Usually, float actually means a 32-bit floating point number, while double means a 64-bit floating point number. You may also see some people / programming languages use other naming, e.g. float16 float32 float64 where the number is how many bits.
Floating Point Numbers
A number stored in the floating point format is split into 2 parts, the "mantissa" and the "exponent," in base 2 because computers.
For demonstration, I'll show what that may look like using our every day normal numbers (in other words, base 10):
\(12345=\underbrace{1.2345}_{\text{mantissa}}\times\underbrace{10}_{\text{base}}\!\!\!\!\!\!^{\overbrace{4}^\text{exponent}}\)
Assume we have a fixed 32-bit budget. To represent massive / tiny numbers, you can allocate more of those 32 bits to the exponent, giving it greater range at the cost of accuracy (usually a worthwhile trade).
JavaScript, the programming language powering ComfyUI (and most of the internet's) interactivity, uses double to store all numbers. This leads to potentially surprising behavior. For example, a double starts to lose the ability to distinguish between \(n\) and \(n+1\) at \(n=2^{53}=9007199254740992.\)

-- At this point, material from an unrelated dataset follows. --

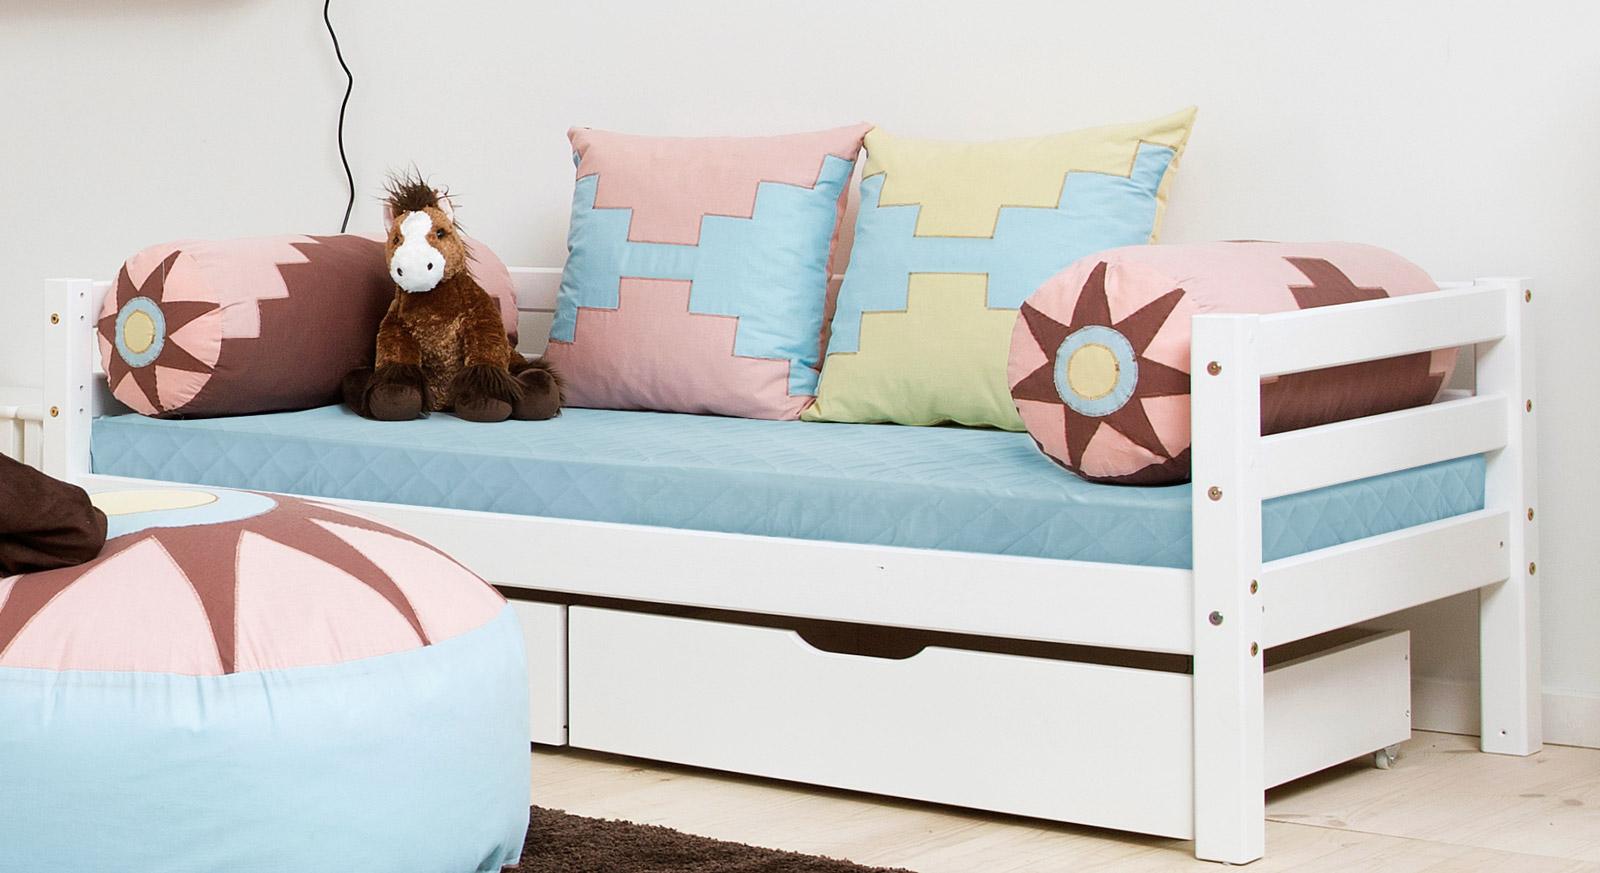 bunte motiv dekokissen f r kinderzimmer kids heaven. Black Bedroom Furniture Sets. Home Design Ideas

To see this in action, take a Int (utils > primitive) node and try inputting 9007199254740993. Alternatively, input 9007199254740992 and try to increase it by pressing the arrow.
Tensors
Tensors probably won't be the direct input or output of nodes, but understanding them will nevertheless prove immensely helpful imo.

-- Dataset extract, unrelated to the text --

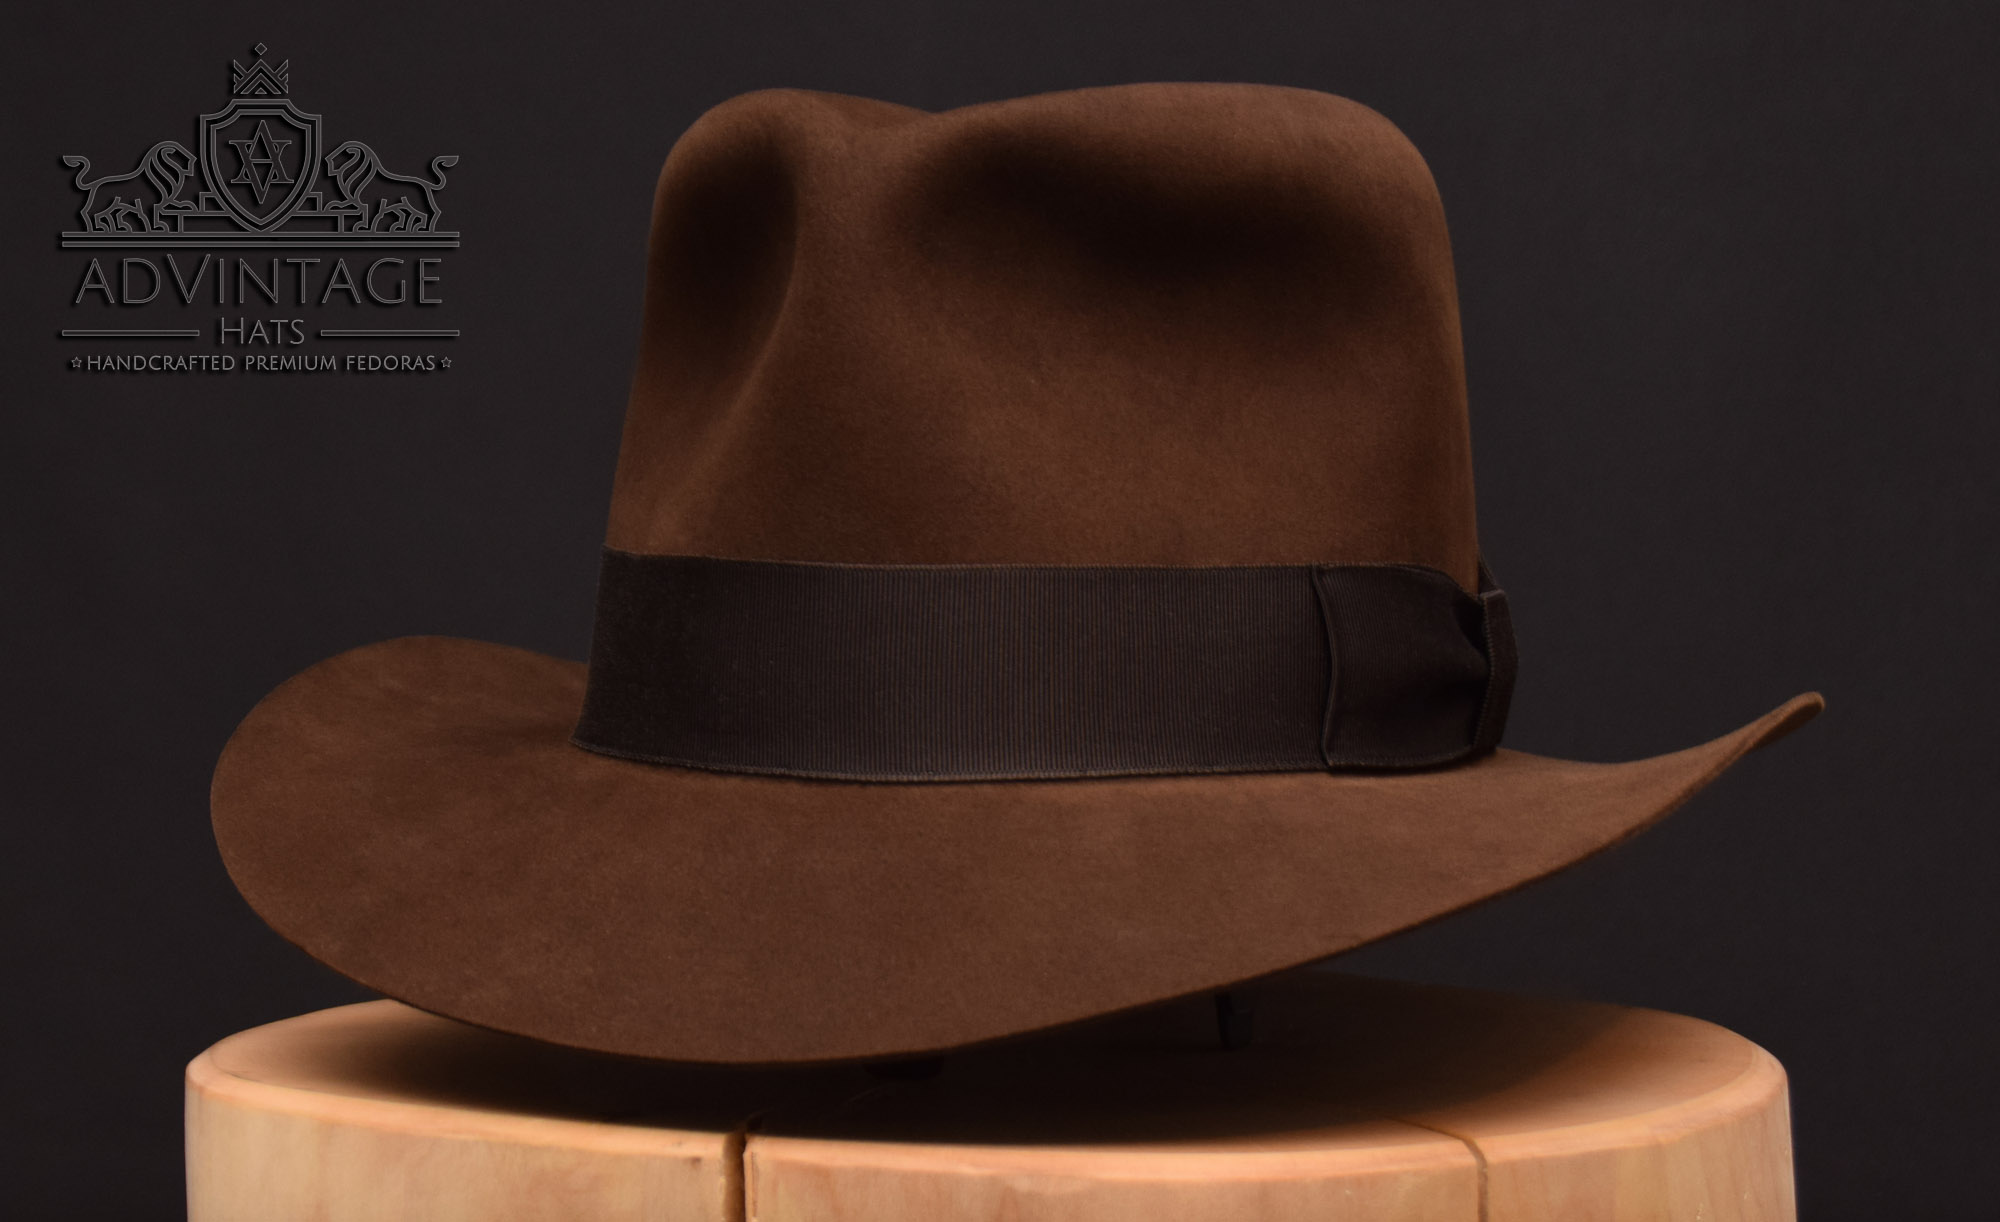 advintage hats masterpiece fedora indy indiana jones last crusade hut 4

| 0D Tensor | 1D Tensor | 2D Tensor | 3D Tensor | 4D Tensor | |
|---|---|---|---|---|---|
| Also known as | scaler | vector | matrix | ||
| Explanation | 1 number | a list of numbers | a grid of numbers | a cube of numbers | |
| ComfyUI example | seed, cfg |
sigmas (represents noise levels) |
pooled conditioning |
raw conditioning |
image, latent |
In other words, a tensor is simply a multi-dimensional array of numbers (including 0D, a single number).
Images, Latents and Masks
image and latent are both 4D tensors, while mask is a 3D tensor. The semantic meanings of the dimensions are:
N (batch size): How many images/latents there are.C (channels): How many channels. For example, an image may have 3 channels, RGB.H (height)W (width)
latents are in the "channel first" format - NCHW, meaning the first dimension is N, the second is C, the third is H, and the last is W.
images are in "channel last" - NHWC.
mask doesn't have the channel dimension - NHW.
"Frequency"
For something more familiar like audio, the frequency is the number of vibrations with respect to time. Higher frequency = more vibrations = sounds like higher pitch.
For images (and by extension, latents), it's the change in pixel values with respect to distance (X Y coordinates).
- High frequency = rapid change in color/brightness/etc in a small area; Corresponds to fine details.
- Low frequency = gradual change in color/brightness/etc in a large area; Corresponds to image structure.
Common Errors
KSampler - Input type (double) and bias type (float) should be the same:
- Try switching your Preview method from
TAESDto something else.